Like today with animal flesh.

So he goes there and waits with the other people. I thought it was obvious that they were all there to
take a tour of the facilities. Not my choice of a touristy thing to do, but to each their own. So he goes
there and he ends up being butchered with the pigs.

Why would the slaughterhouse take people too? Cheap, easy meat! Why not?
Meat is meat, anyway you slice it. There are plenty of true stories about people being turned into pies
and sausages, and I am not just talking about Sweeney Todd.

The waiter not wanting to get closer? I just thought it was healthy NY style self preservation instinct.
You don't want to get too close to a weirdo going nuts over what was most likely a really badly
cooked meat dish...

To me the meaning of it is pretty much at face value...a sad story about a young man plagued by
tragedy since infancy, who ends up getting butchered.

As a child, he agreed that he shouldn't eat his friends, the animals.
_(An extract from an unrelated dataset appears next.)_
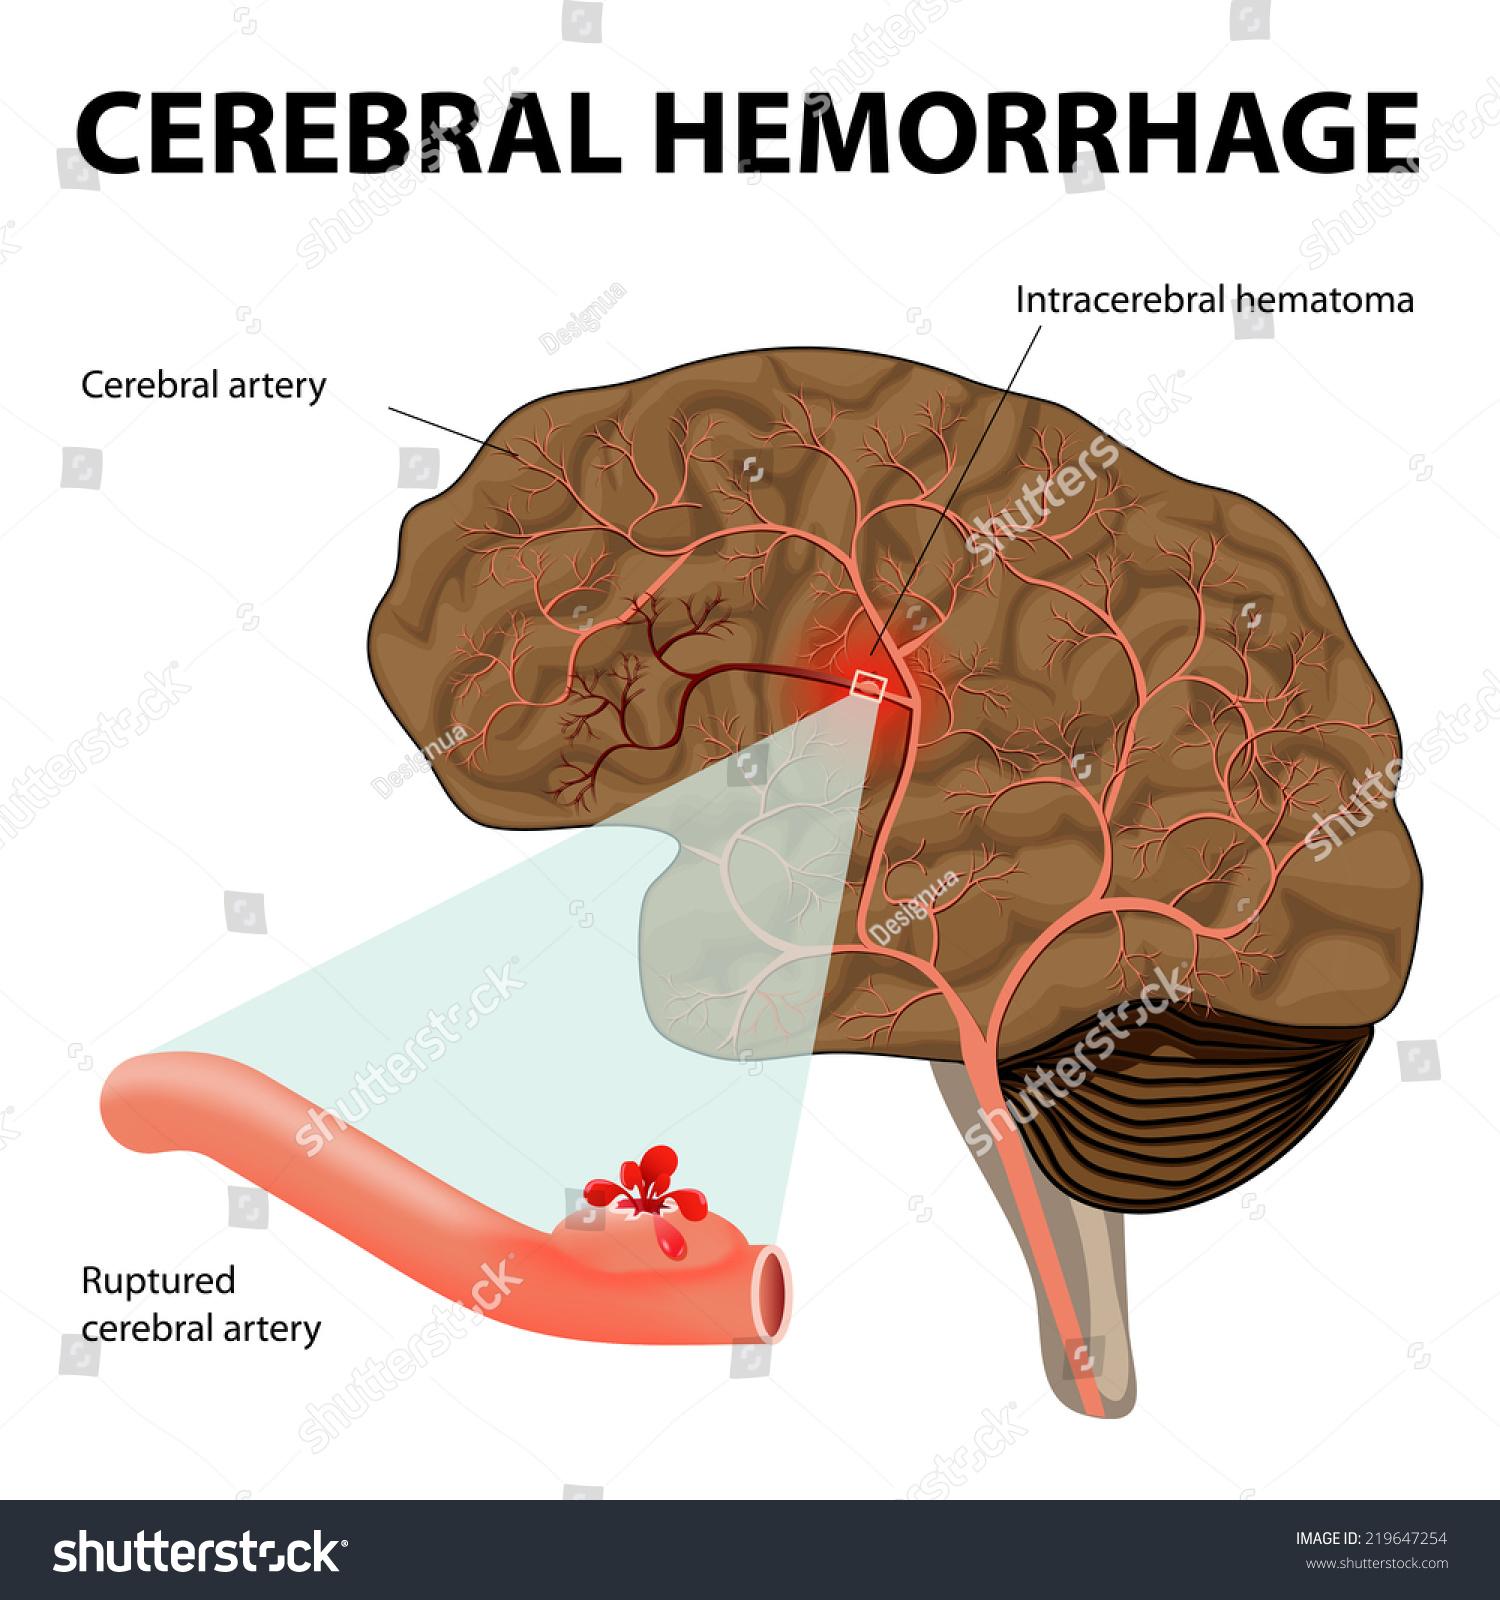 Cerebral Hemorrhage Intracerebral Hemorrhage Rupture Cerebral Stock ...
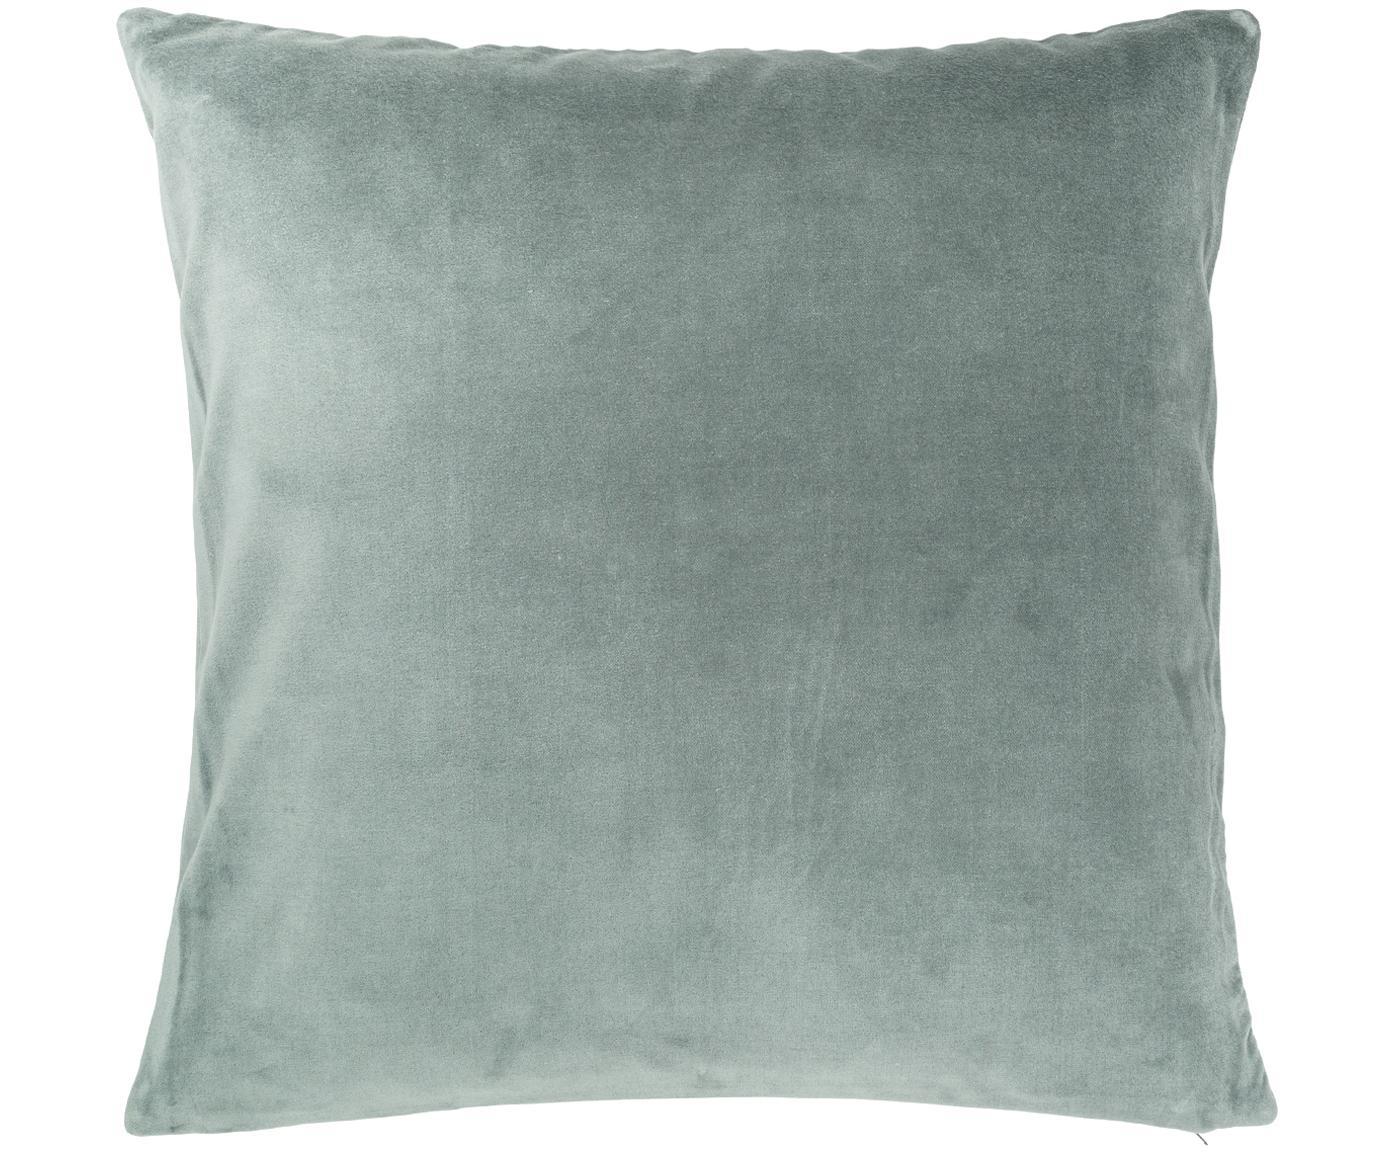 Poszewka na poduszkę z aksamitu Cosima, Szałwiowy zielony, S 50 x D 50 cm

Then he tasted meat and it was so
good that he forgot that he shouldn't eat his friends. The horror he experienced at the end, I think,
teaches him--and us--that no matter how much we may enjoy the taste of meat (or our traditions, or
those people we share Thanksgiving with), that pleasure does not come close to balancing out the pain
and suffering that it causes the animals.

"The time will come when men such as I will look upon the murder of animals as they now look on
the murder of men." Leonardo da Vinci

I'm still wondering why the people were at the factory and not talking or anything.